» **PROBLEM REQUIREMENTS**
Omit the pictures and return exactly the stretch of the material below from the line with "Abstract Colourful World" through the line with "Closeup image of".

INPUT MATERIAL section start

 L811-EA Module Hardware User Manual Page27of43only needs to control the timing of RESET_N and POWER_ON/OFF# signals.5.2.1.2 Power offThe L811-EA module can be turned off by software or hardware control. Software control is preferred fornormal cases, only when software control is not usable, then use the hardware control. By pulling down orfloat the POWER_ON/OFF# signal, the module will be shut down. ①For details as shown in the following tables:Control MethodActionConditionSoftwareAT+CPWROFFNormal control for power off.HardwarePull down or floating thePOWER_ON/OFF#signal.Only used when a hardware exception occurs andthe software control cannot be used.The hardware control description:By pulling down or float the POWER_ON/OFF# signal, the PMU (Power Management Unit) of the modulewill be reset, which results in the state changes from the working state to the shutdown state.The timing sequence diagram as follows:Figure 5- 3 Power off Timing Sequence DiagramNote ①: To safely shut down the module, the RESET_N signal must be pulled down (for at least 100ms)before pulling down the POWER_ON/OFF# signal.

INPUT MATERIAL section end
INPUT MATERIAL section start

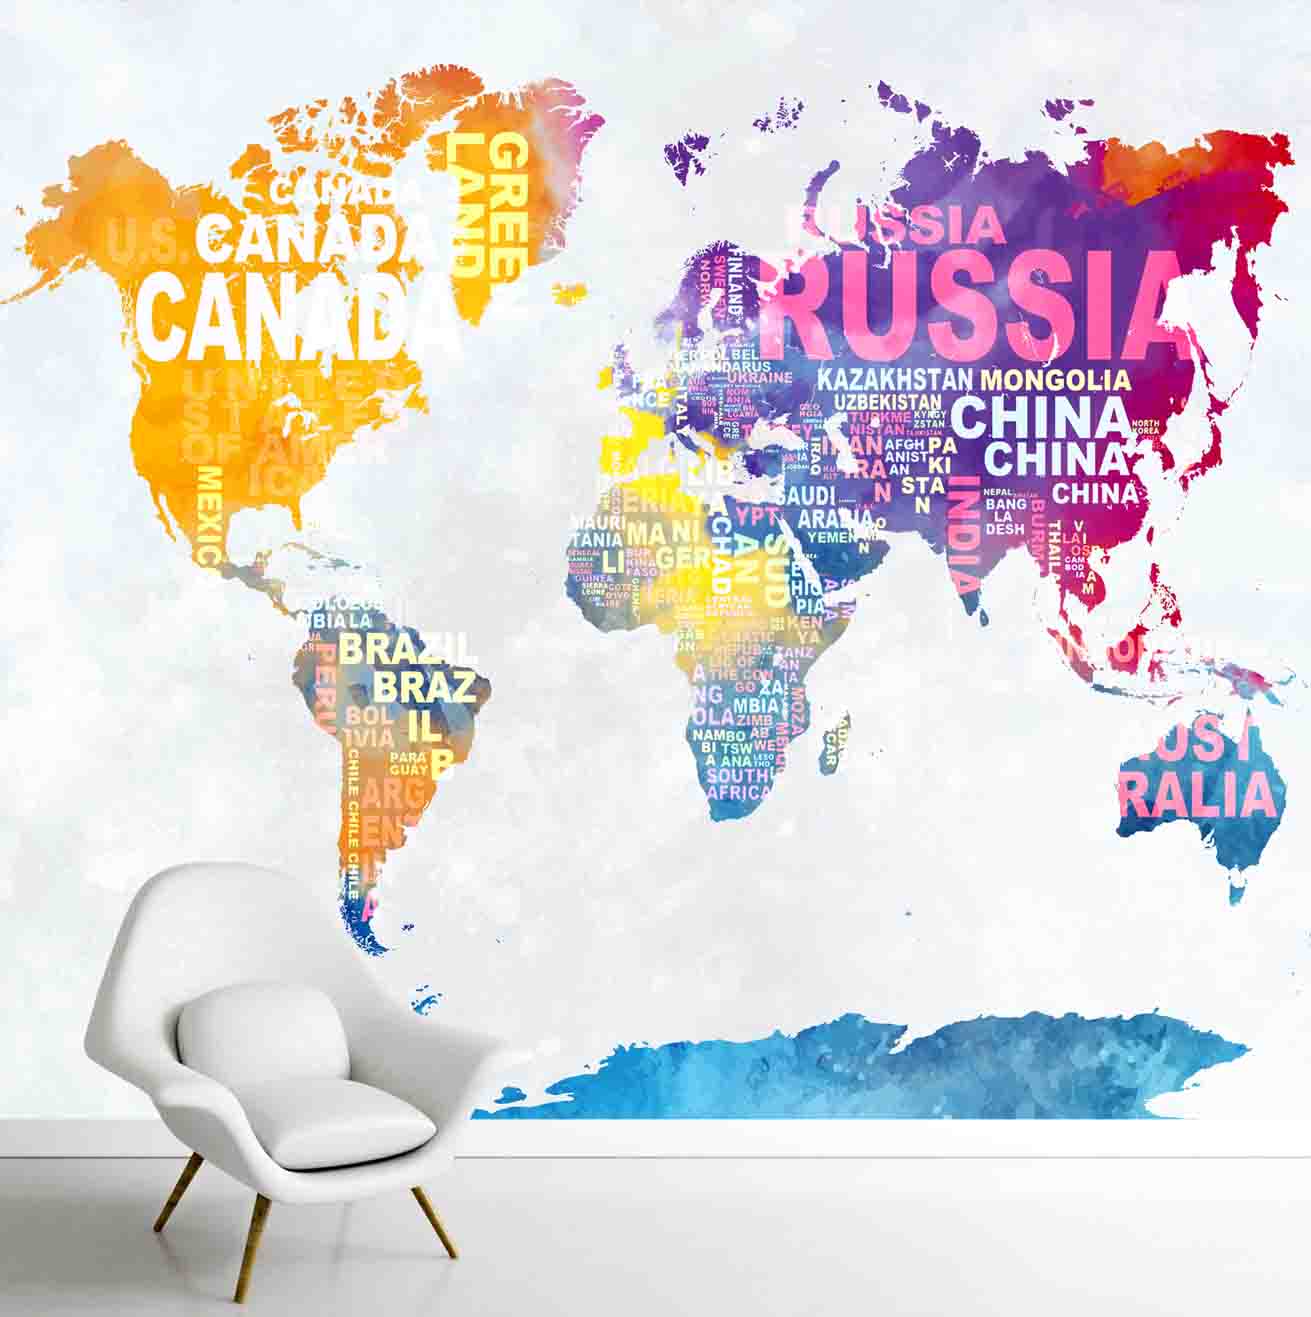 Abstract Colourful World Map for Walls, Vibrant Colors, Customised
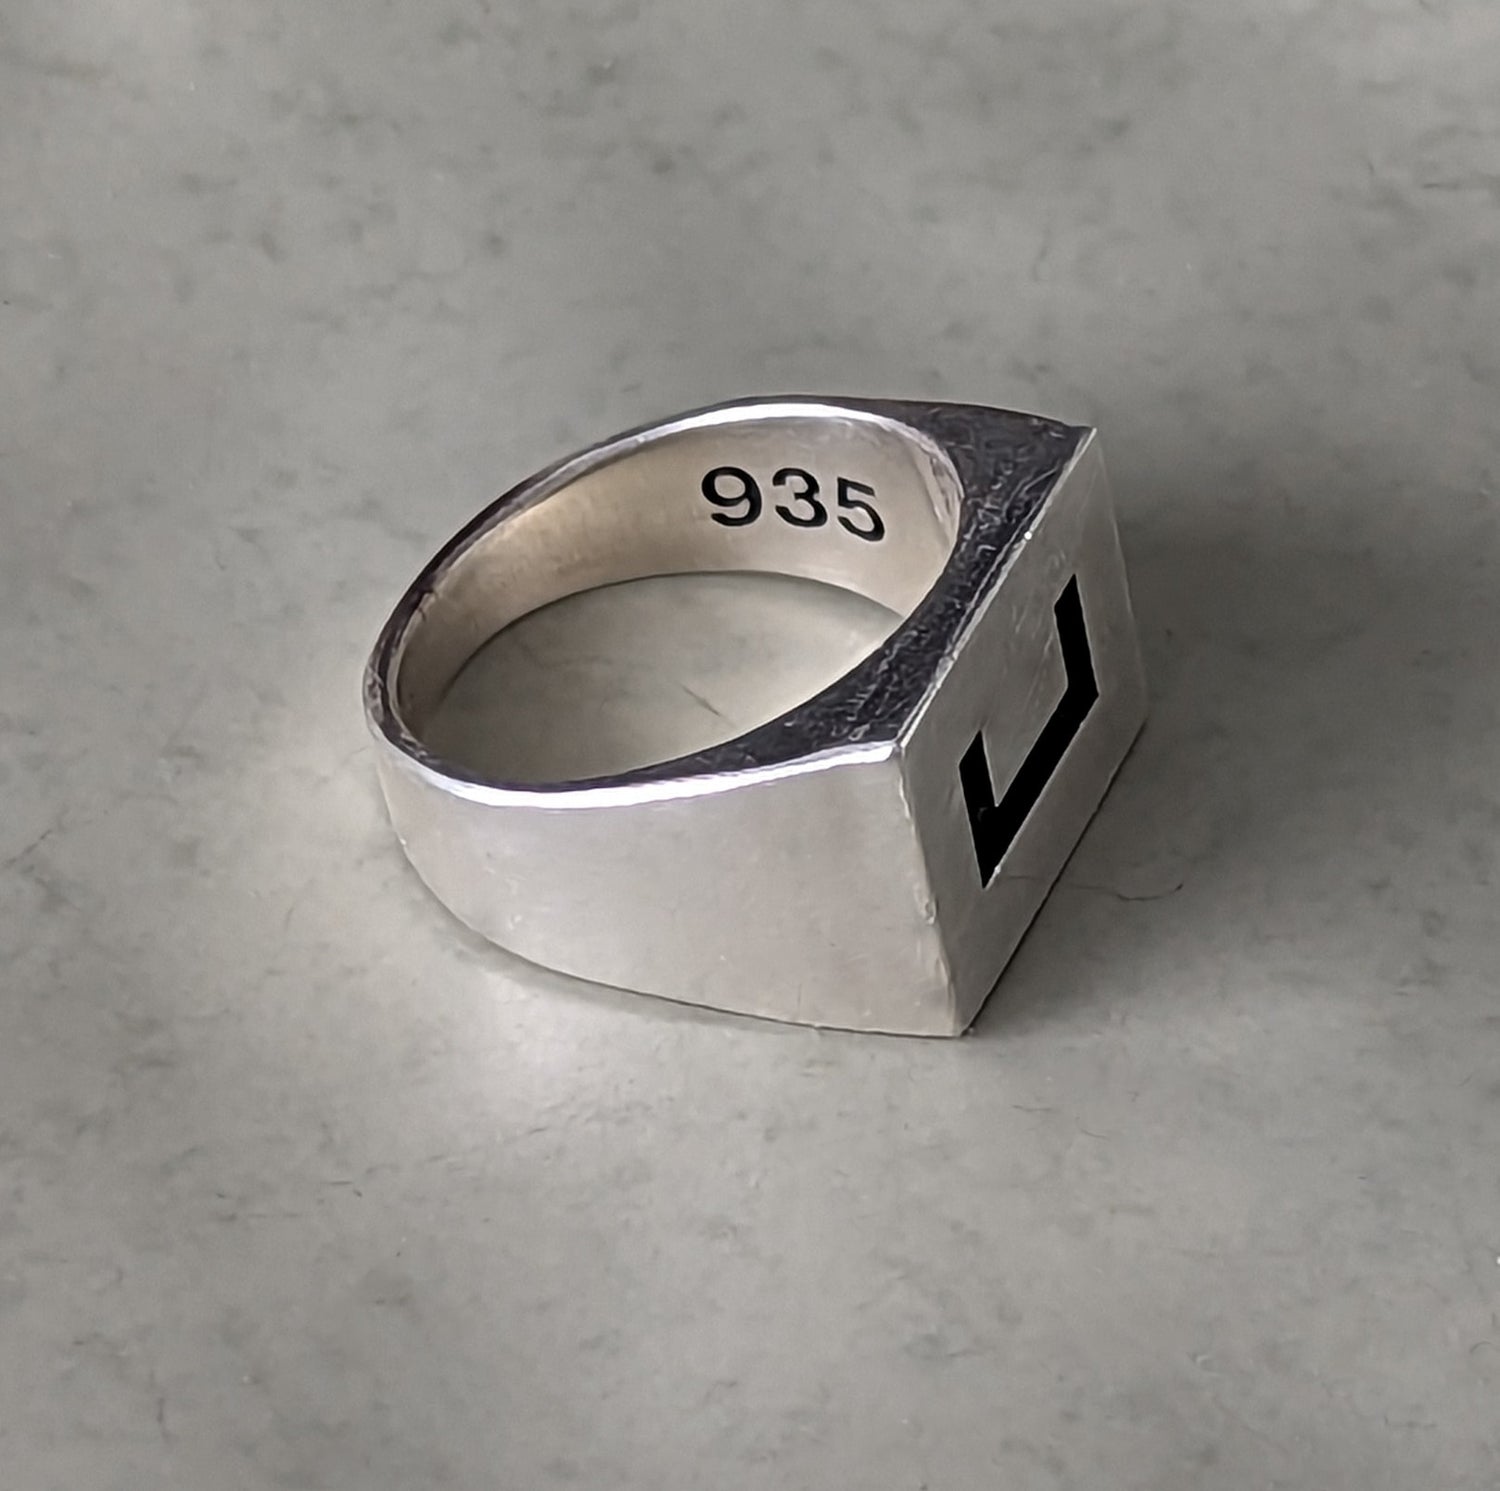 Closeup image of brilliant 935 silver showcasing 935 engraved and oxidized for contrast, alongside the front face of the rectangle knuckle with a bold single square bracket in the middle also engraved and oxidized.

INPUT MATERIAL section end

» **TASK OUTPUT**
 Abstract Colourful World Map for Walls, Vibrant Colors, Customised
 Closeup image of brilliant 935 silver showcasing 935 engraved and oxidized for contrast, alongside the front face of the rectangle knuckle with a bold single square bracket in the middle also engraved and oxidized.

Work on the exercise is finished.